Poor people skills result in conflict, negativity, indecision, anger, anxiety, and communication shutdowns.
Good people skills increase confidence, productivity, motivation, happiness, creativity, and peace.
What a difference people skills can make in our world.
  • Implementing people skills in your life is pretty easy, if you understand the basic premise.
    Treat people in a way that you would like to be treated.
  • The best all-around response to strengthen relationships. "Tell me more about that."
  • Compromise. Even if you don't get everything you want, settle for an improvement on the status quo.
  • Have something meaningful to say. Speak with clarity and intelligence.
  • Humans must feel heard before they'll listen. Remain open to the ideas of others.
  • If you don't have anything nice to say, don't say it at all. Nobody wins from negative comments.
  • A disagreeable nature - the need to argue about anything - surrounds issues with illogical garbage,
    so that no one can think clearly.
  • Angry behavior (yelling, slamming doors, huffing) distributes stress to everyone in the area, and causes people to shut down. Energy that could solve the problem is wasted.
  • Scolding, shaming, and threatening do not work.
    While they may produce temporary results, eventually people will fulfill your low opinion of them.
  • Steps to responding to criticism: acknowledge you understand it, ask for more information, express what you agree with (apologize if necessary), and offer a plan to change the situation.
  • People are attracted to those who give them the three basic needs they hunger for - acceptance, approval and appreciation.
  • Remember the psychological law that makes human beings mimic you.
    Adopt the attitude and action you want the other fellow to express.
  • People "love" you because they love the way you make them feel. Your interest in them generates feelings of camaraderie.
  • People may not remember what you said, but they will always remember how you made them feel.

SMILE! A sincere smile works a magic spell that rekindles friendship.

Author Unknown

Relationship Revival/Survival Tips

Most of us want to be in love, and to make our loving relationships lasting and fulfilling.
Here are 14 tips developed by the Falls Church, Virginia-based PAIRS Foundation which can help your relationship today,
and everyday. We hope you'll share these tips with your partner.

1. First, foremost and always - Learn to listen. Listen to yourself as well as your partner.

2. Actions speak louder then words.

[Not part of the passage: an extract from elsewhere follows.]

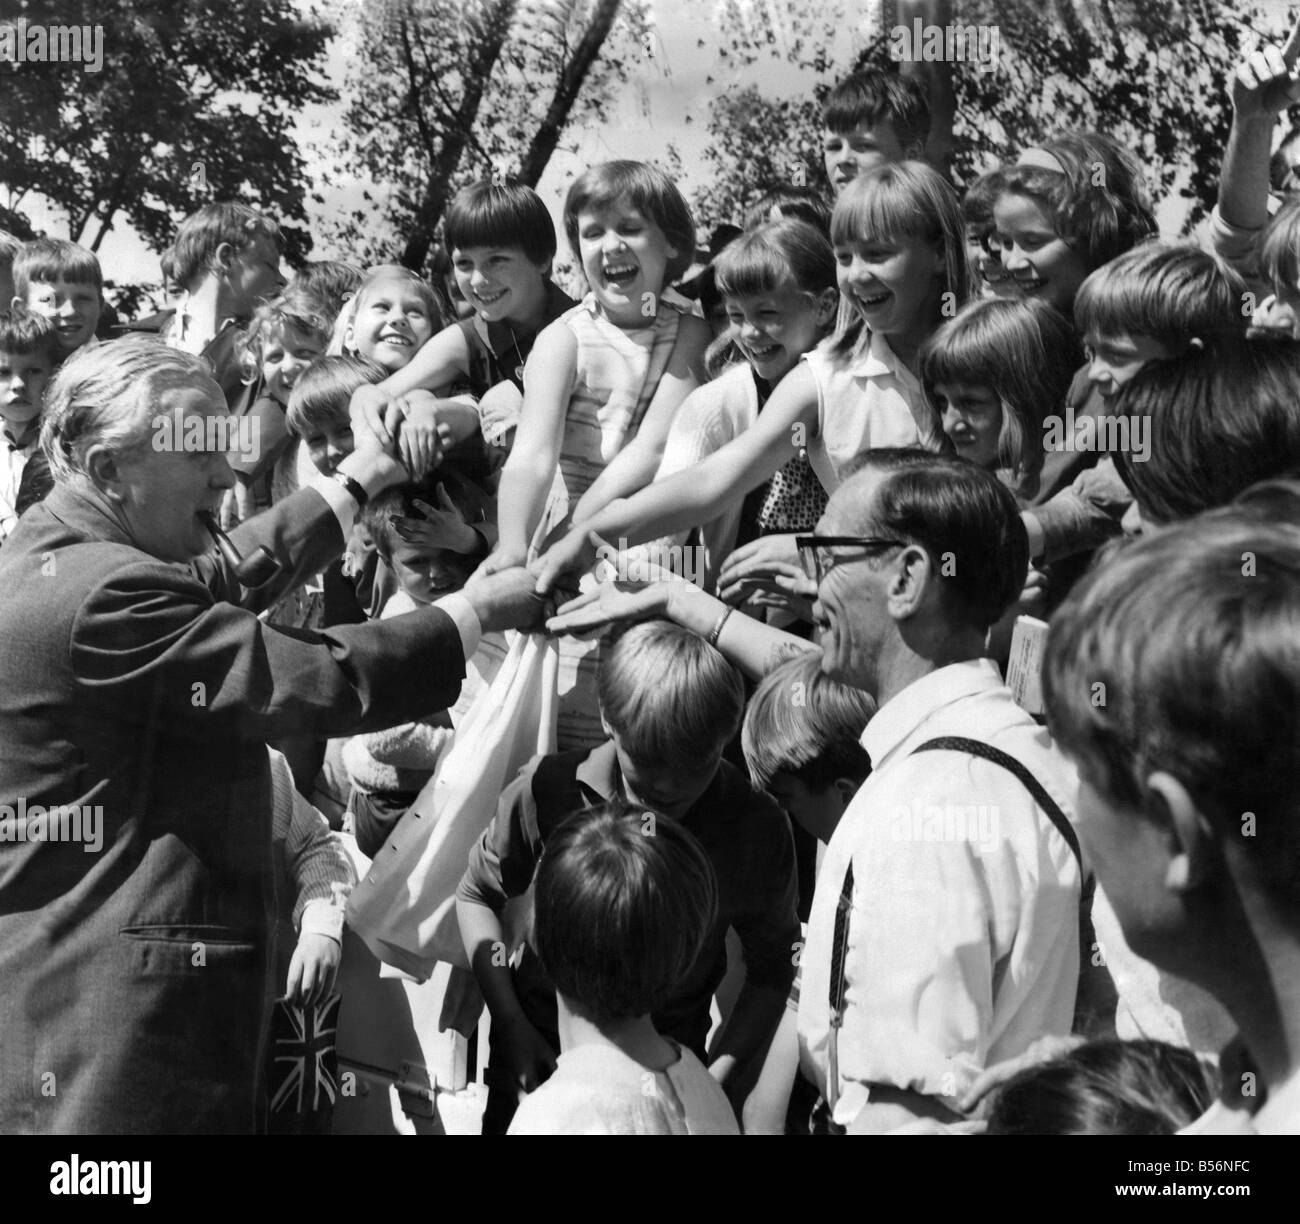 Les mineurs du Yorkshire Gala. Harold Wilson répond à certains des enfants de mineur à l'assemblée annuelle et Gala de démonstration mineurs du Yorkshire, à Wakefield. Juin 1967 P009866 Banque D'Images
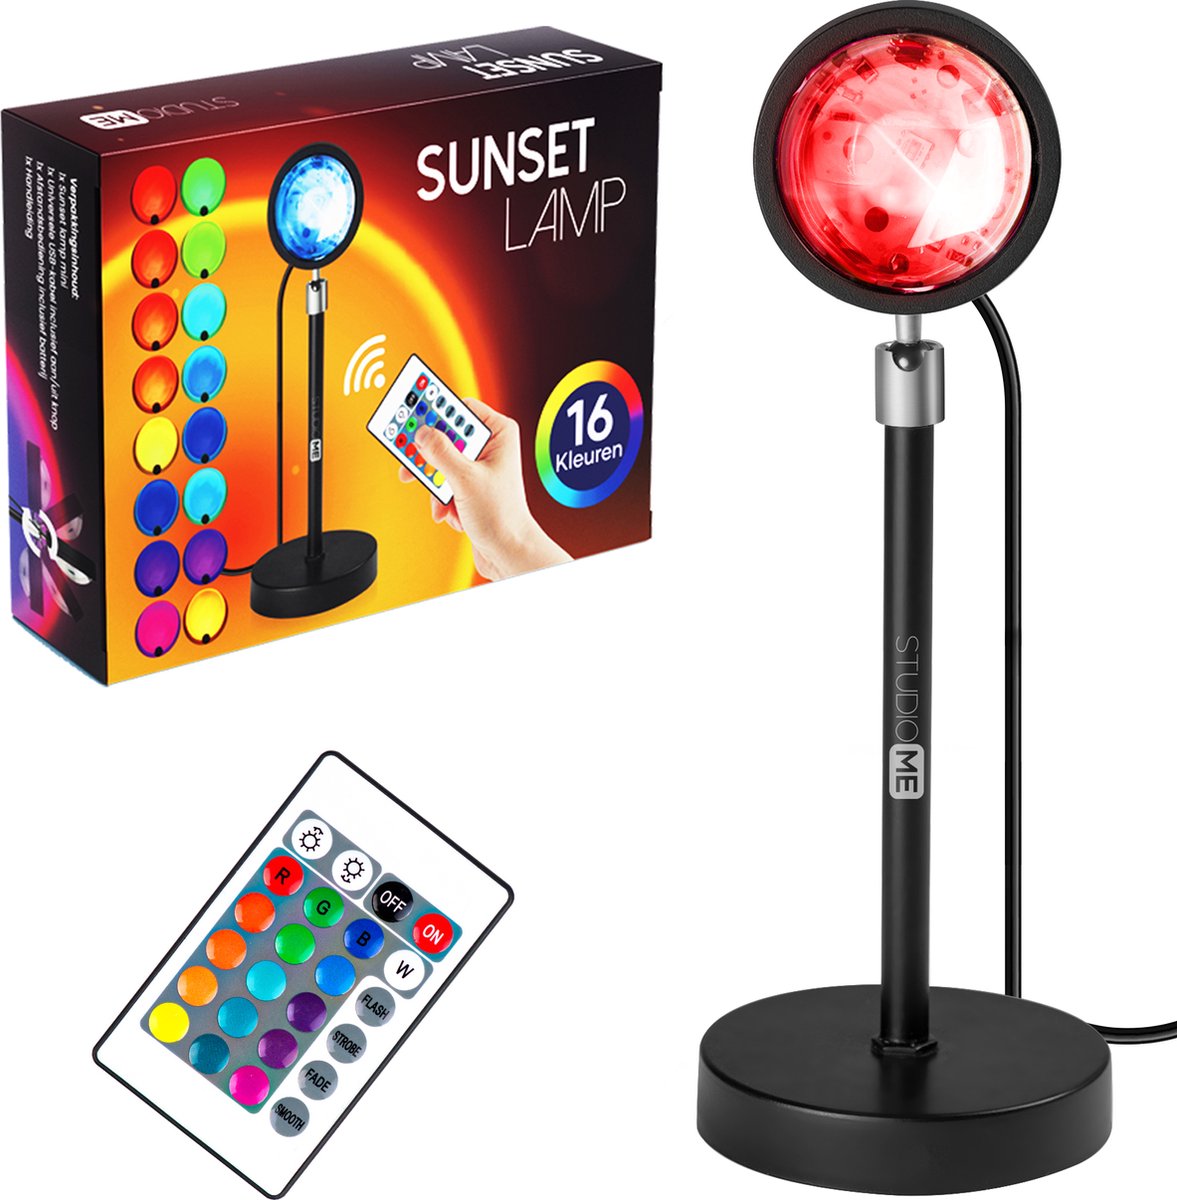 Studio ME Sunset lamp – projectorlamp – Sfeerverlichting binnen – 16 kleuren – LED – afstandsbediening – 360 graden draaibaar - Sfeerlamp - Galaxy projector - Studio ME®

Your non-verbal communication says volumes and could easily be misread.
Be aware of your body language.

3. Test all you assumptions verbally. No matter how "obvious" it is to you and how 'certain' you are of your partner's views,
check it out. Ask and listen for intent.

4. Recognize when your communication is creating more of a problem than the problem itself.

5. Accentuate the positive. Appreciate one thing about the other daily - say so verbally.

6. Keep your partner informed of your concerns - about work, home, family.

7. Don't go to bed angry - talk it out.

8. Monitor a potentially irritating, angry tone of voice that can turn a discussion into an argument.

9. Don't preach or lecture.

10. Use tact and timing. Pick mutually agreeable times to have important conversations.

11. Forgive - don't hold a grudge.

12. Bond - Affection and physical closeness help emotional openness. Hold hands, kiss in public, call at work just to say you love your partner, hug in elevators; sex should never be your only avenue to closeness. Try it.

13. Play - take time to do things you love - together. Give each other a coupon book with 14 items you know your partner likes to do and fill in the dates to do them together.

14. Make time to do all of the above. Time and sharing is life.